[Exercise details]
With the pictures omitted, transcribe each line below exactly as it is.
═════ Collected data ═════
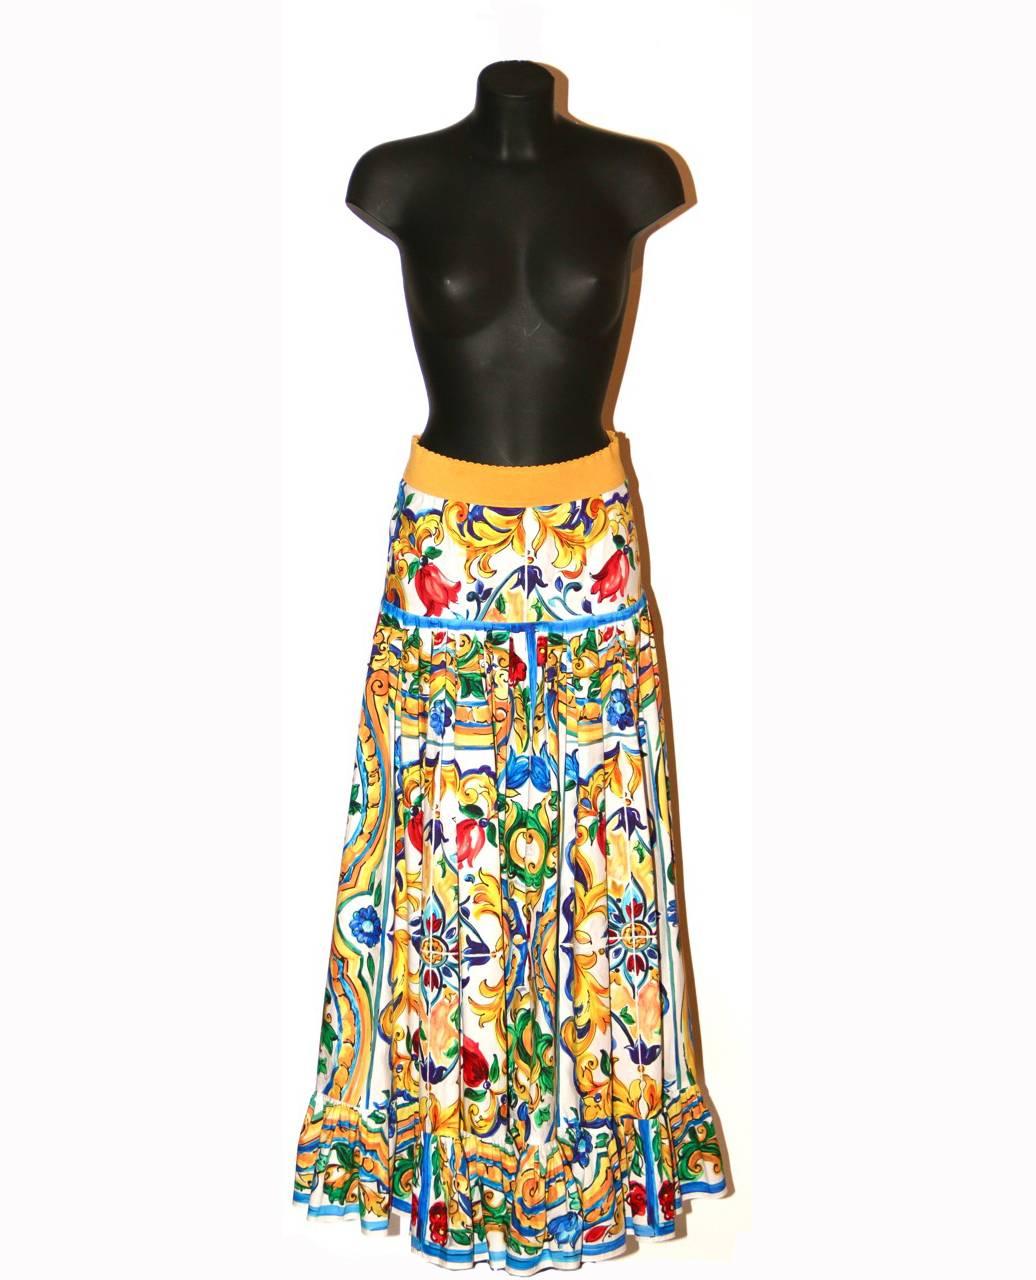 This swirling colored cotton skirt is an uplifting showcase of Dolce & Gabbana's Maiolica pattern. It features an elastic yellow waistband and a back zipper.
(presented with a blue cotton knit top from Hermes not included in the price)

Collection:
═════
[Result of the task]
 This swirling colored cotton skirt is an uplifting showcase of Dolce & Gabbana's Maiolica pattern. It features an elastic yellow waistband and a back zipper.
(presented with a blue cotton knit top from Hermes not included in the price)

Collection:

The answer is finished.